ABOUT THIS TASK
Transcribe only the part of the material below that begins at the line containing "Water splashing on" and ends at the line containing "中国药科大学硕士专业学位授予工作细则(试行)", with both kept and images left out.

DATA FOR ANALYSIS
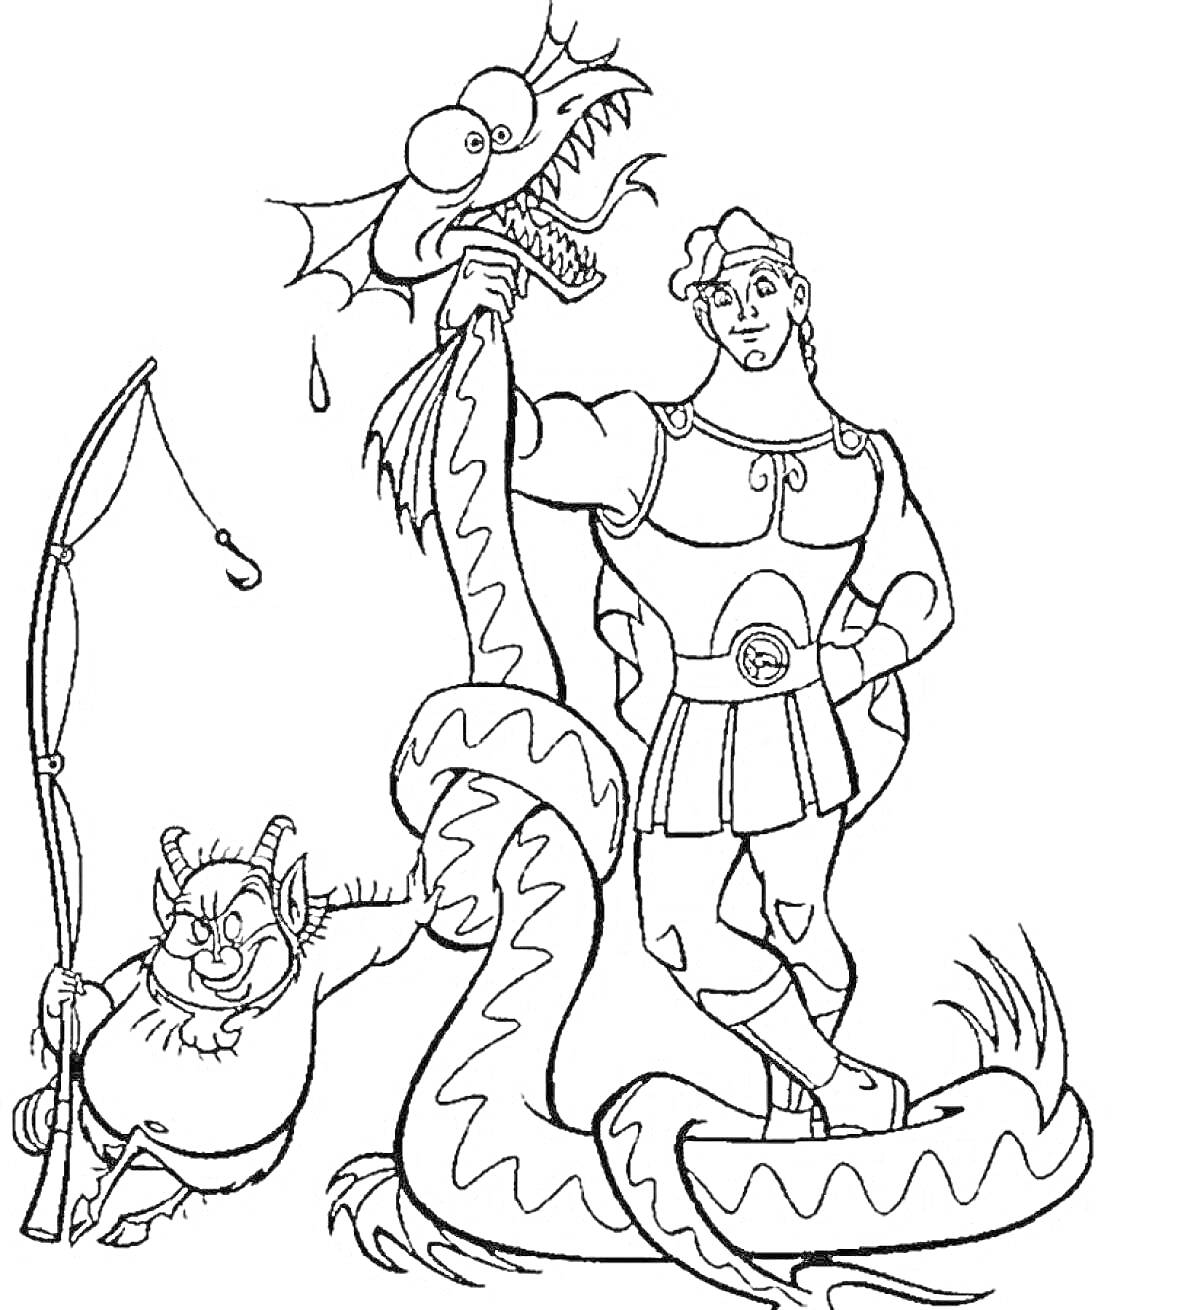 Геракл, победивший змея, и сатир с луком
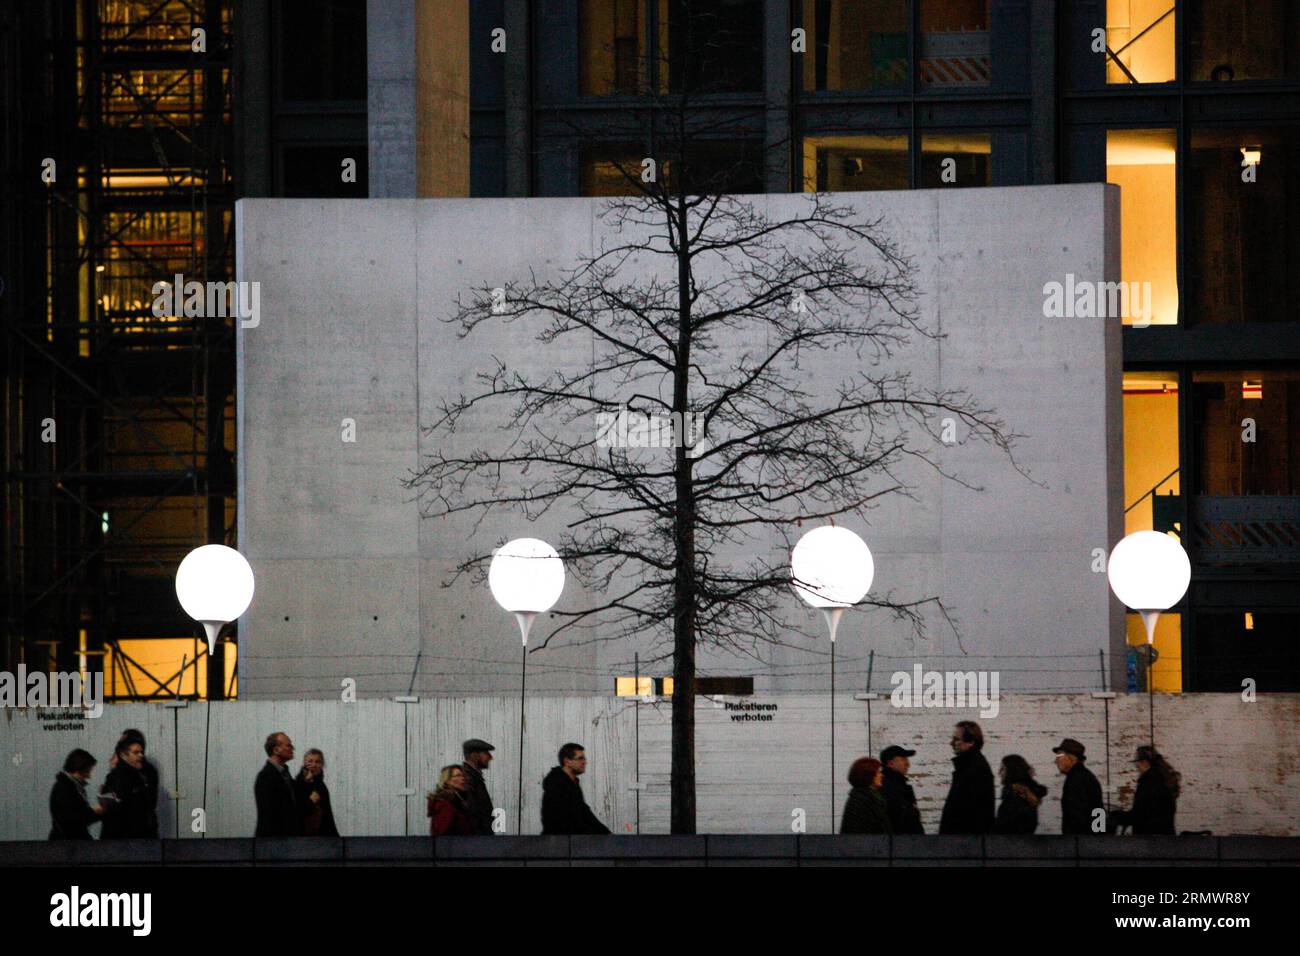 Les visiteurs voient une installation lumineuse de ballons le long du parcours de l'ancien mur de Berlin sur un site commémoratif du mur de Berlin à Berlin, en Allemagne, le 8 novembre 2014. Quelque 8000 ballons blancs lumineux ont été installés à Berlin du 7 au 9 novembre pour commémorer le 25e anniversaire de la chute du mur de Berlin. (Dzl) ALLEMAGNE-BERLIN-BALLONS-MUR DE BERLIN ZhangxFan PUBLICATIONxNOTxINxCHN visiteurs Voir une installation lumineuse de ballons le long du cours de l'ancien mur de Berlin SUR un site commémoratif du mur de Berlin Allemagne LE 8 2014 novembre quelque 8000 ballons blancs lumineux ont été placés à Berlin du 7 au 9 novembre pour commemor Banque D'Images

---

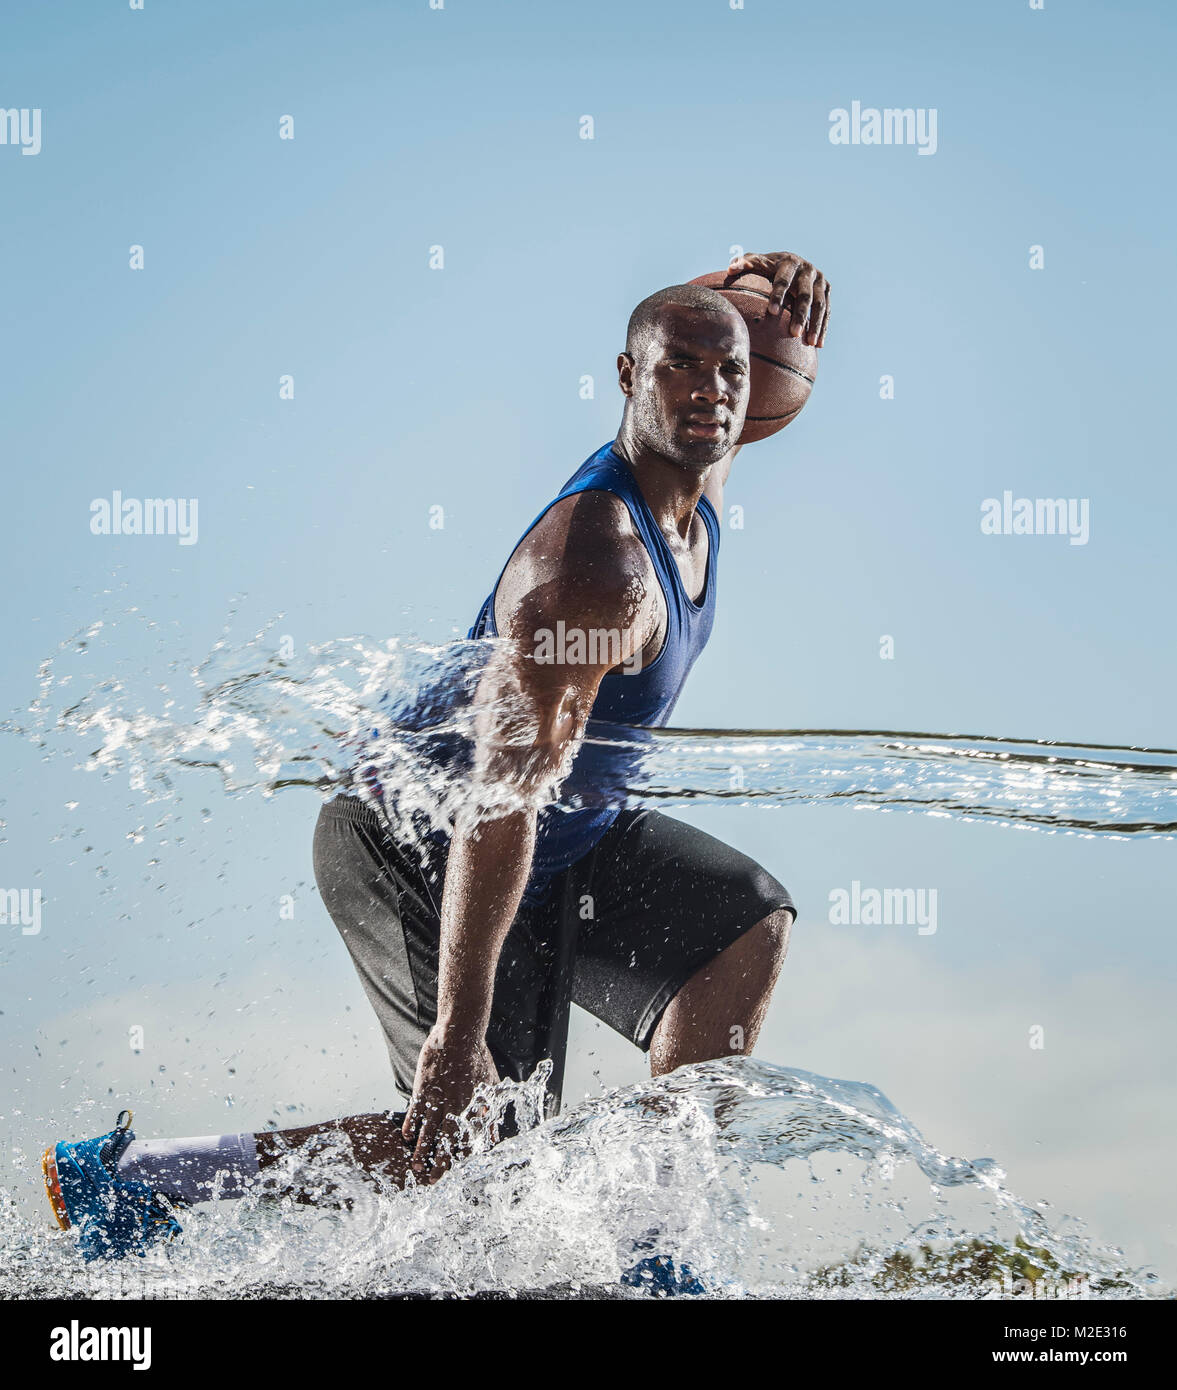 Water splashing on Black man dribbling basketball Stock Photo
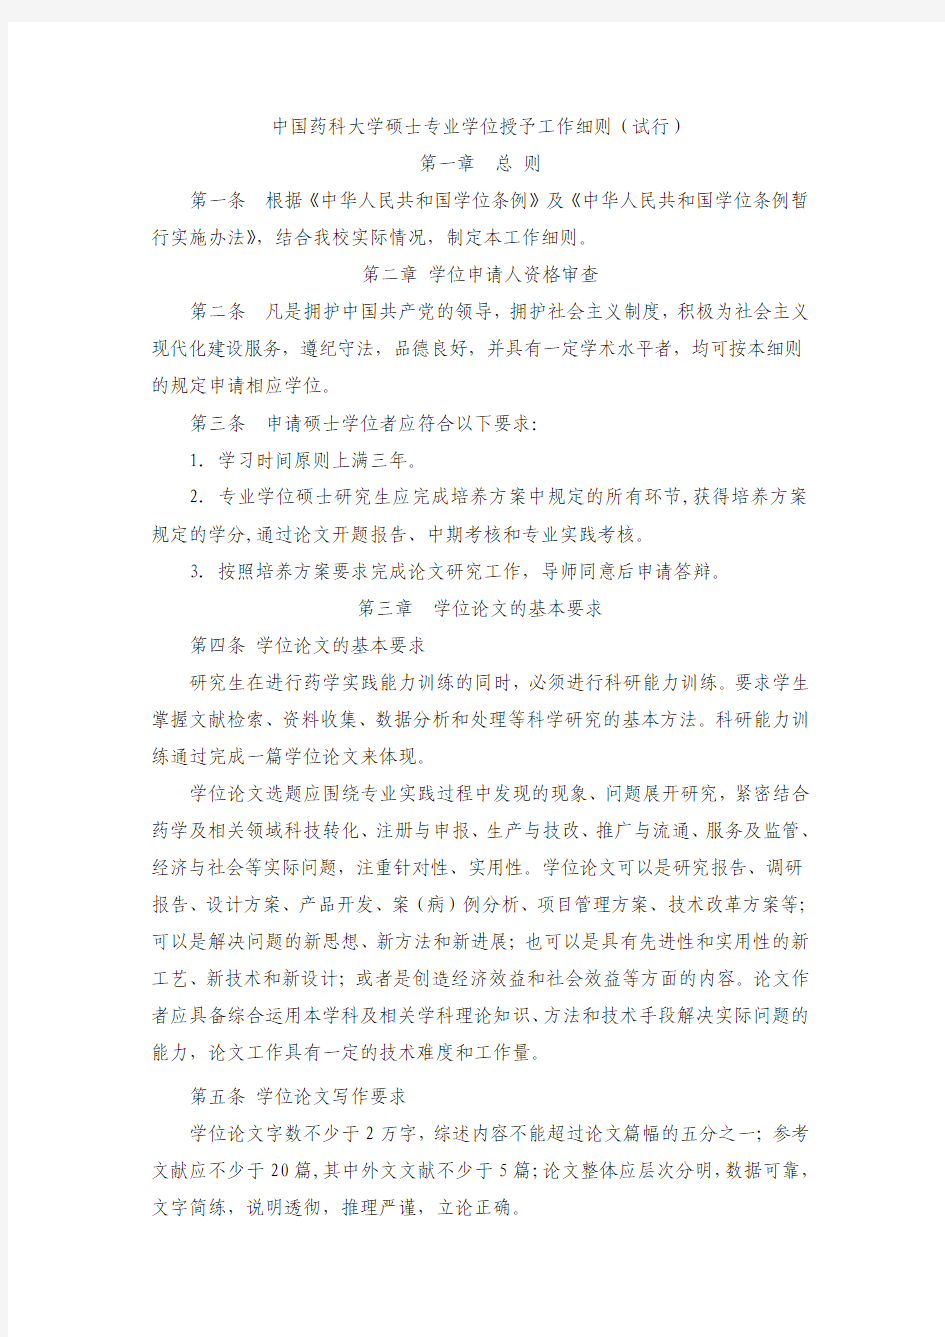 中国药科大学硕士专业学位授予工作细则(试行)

---

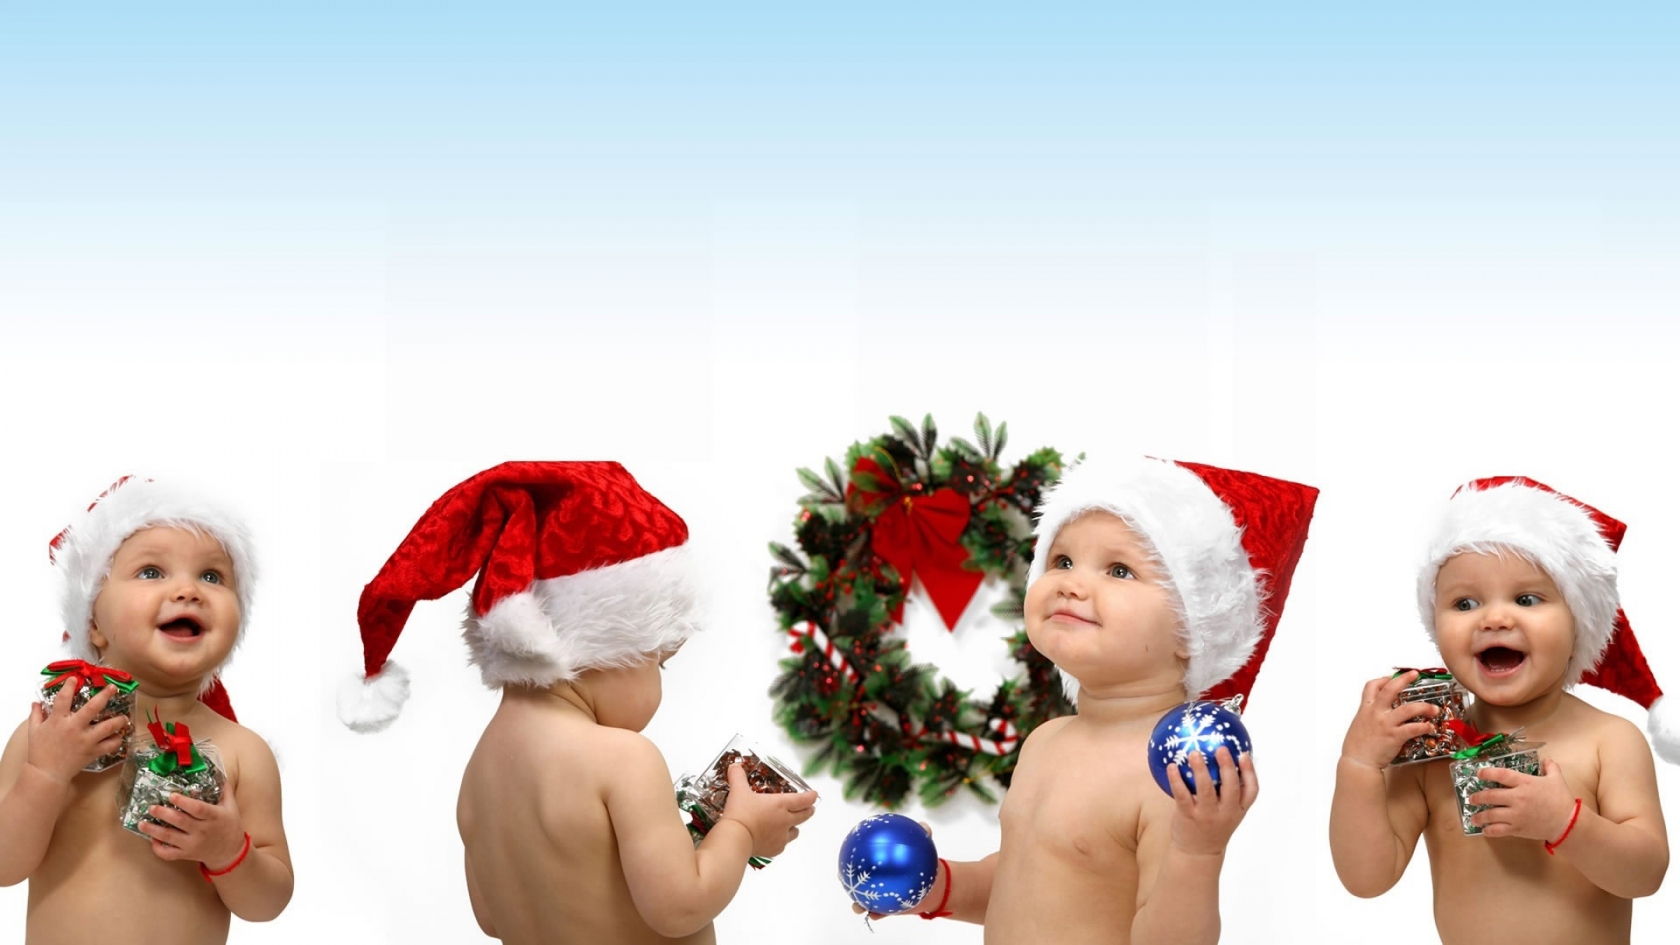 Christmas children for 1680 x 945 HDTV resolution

YOUR SOLUTION
 Water splashing on Black man dribbling basketball Stock Photo
 中国药科大学硕士专业学位授予工作细则(试行)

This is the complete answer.